I have built a fully-supervised CNN that localizes an object in different scenes. As you can imagine, it quite time-consuming to label data: I have to manually localize the object in an image and draw a bounding-box around it. Although the labeling itself is "as comfortable as possible" (I created a labeling tool that only requires spanning a rectangle over the object in an image, automatically saving the label and loading the subsequent images) it is still a really slow process, because every image has to labeled manually - one at a time.
My current labeled data sets count >= 1,000 images and the CNN localizes the object with a high accuracy in the test/validation data. However, changing lighting, adding occlusion or testing backgrounds unknown to the network affects the results. Thus, I would like to make the localization more robust.
In addition to the labeled data sets I have over 50,000 weakly-labeled images. They are basically unlabeled, but they are split into two different sets: "object" and "no-object". The first set just contains images where the object that gets localized is present, while the latter are just background scenes without the object (for positive and inhibitory feedback).
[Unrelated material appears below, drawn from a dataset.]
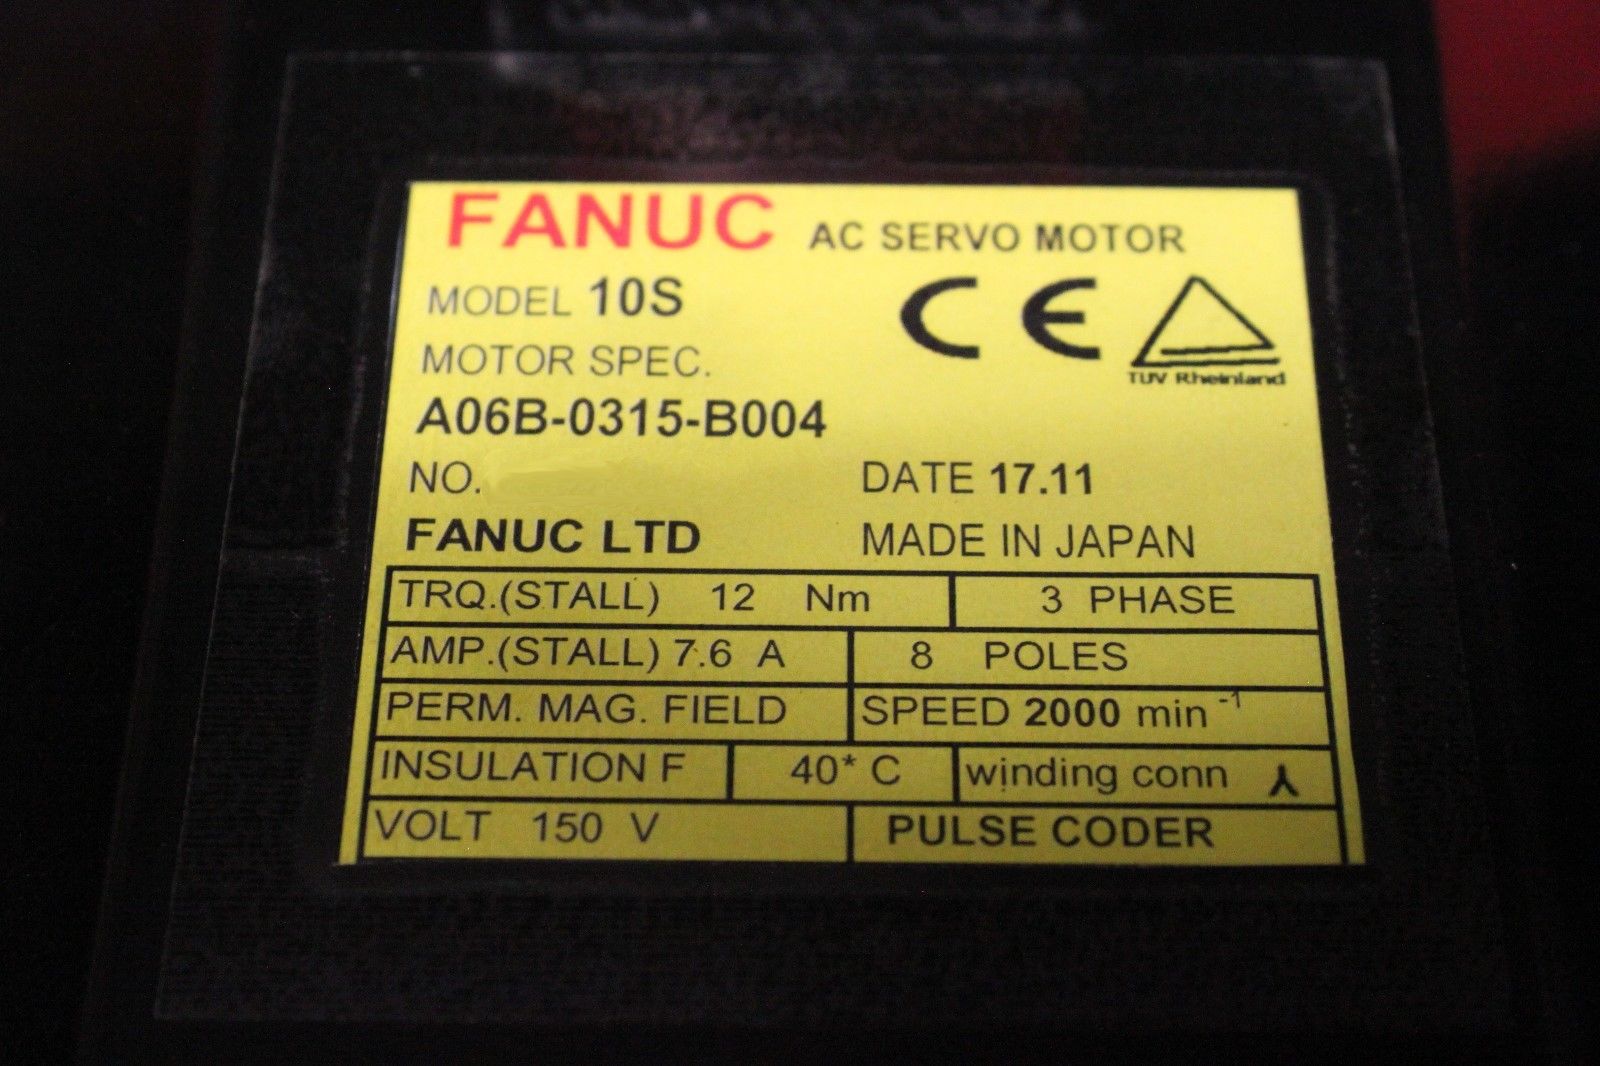 Fanuc A06B-0315-B004 AC Servo Motor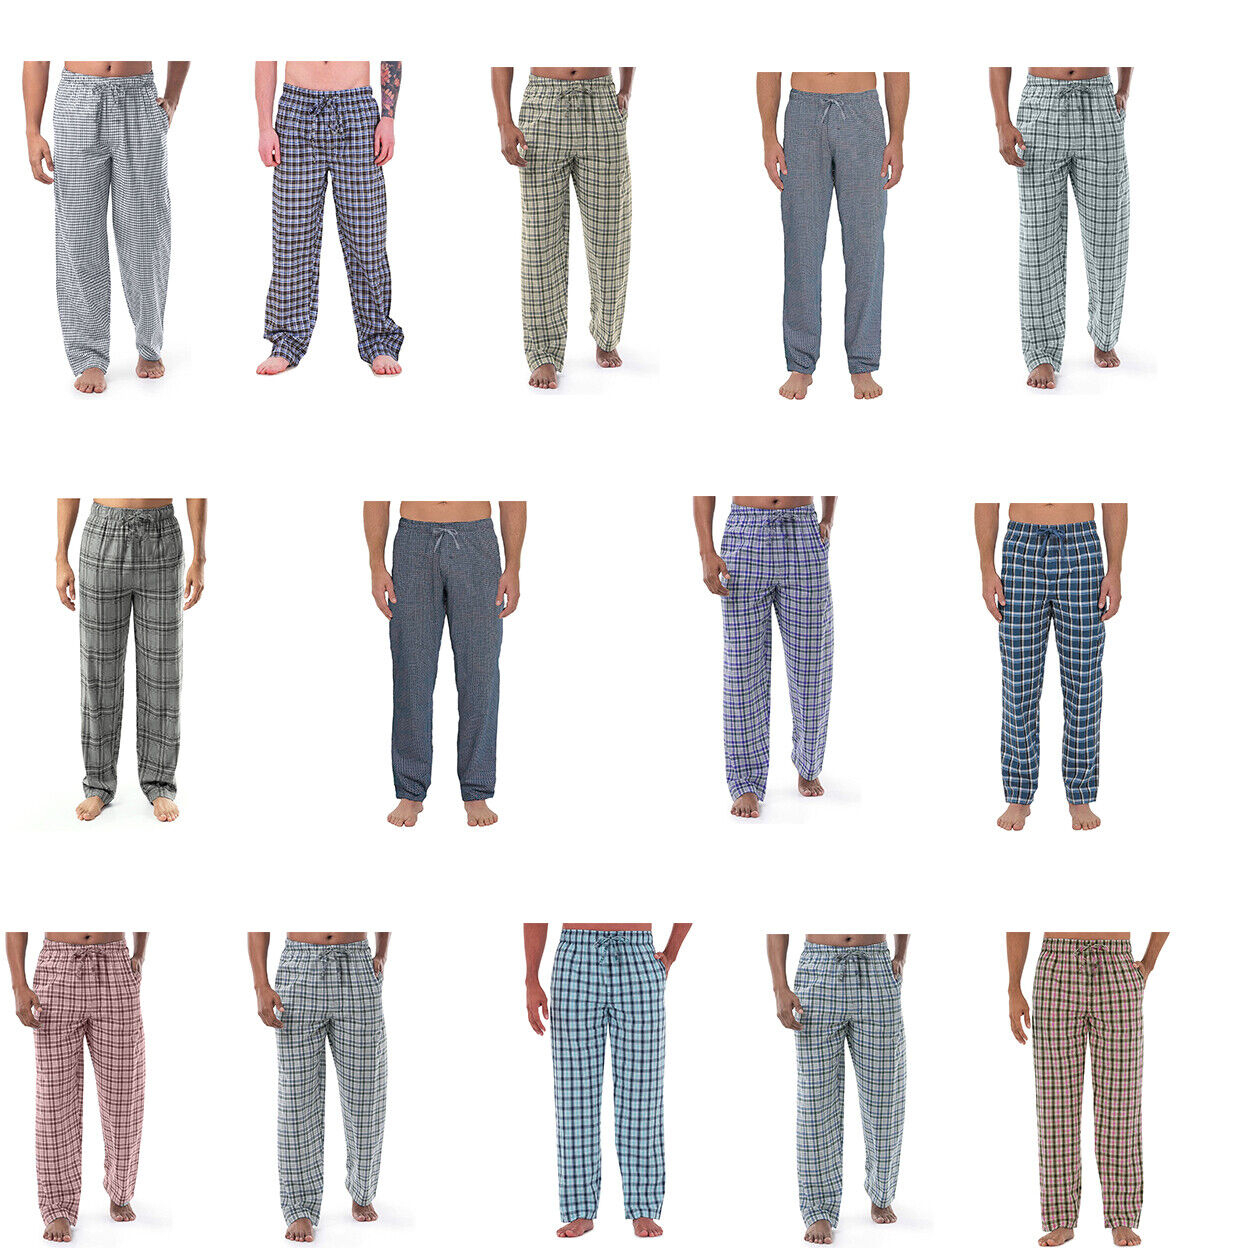 Men's Ultra-Soft Plaid Cotton Jersey Knit Comfy Sleep Lounge Pajama Pants - Red, Small

The fully-supervised architecture looks like this:
input | convolutional-layers L1...Ln | | ---flattened output--- | | | | fully-connected fully-connected x y
...where x and y are the two different fully-connected layers (+outputs) for the x and y location of the object. The network then gets fed images to the input and is trained via backpropagation, by minimizing the combined loss of x & y.
My first idea was copying the trained weights of the convolutional layers into a slightly different network:
input | convolutional-layers L1...Ln | | flattened output | fully-connected | single-output-neuron # 1.0 -> object is present # 0.0 -> object is most likey not present
I thought by copying the weights of the trained convolutional layers this new network should have a sufficient starting point in order to classify the weakly-labeled data correctly into "object" and "no-object". Besides some false-positives the network indeed is classifying most images correctly (outputs above .95 have over 99% accuracy in test/validation data sets, where the object is present in the images).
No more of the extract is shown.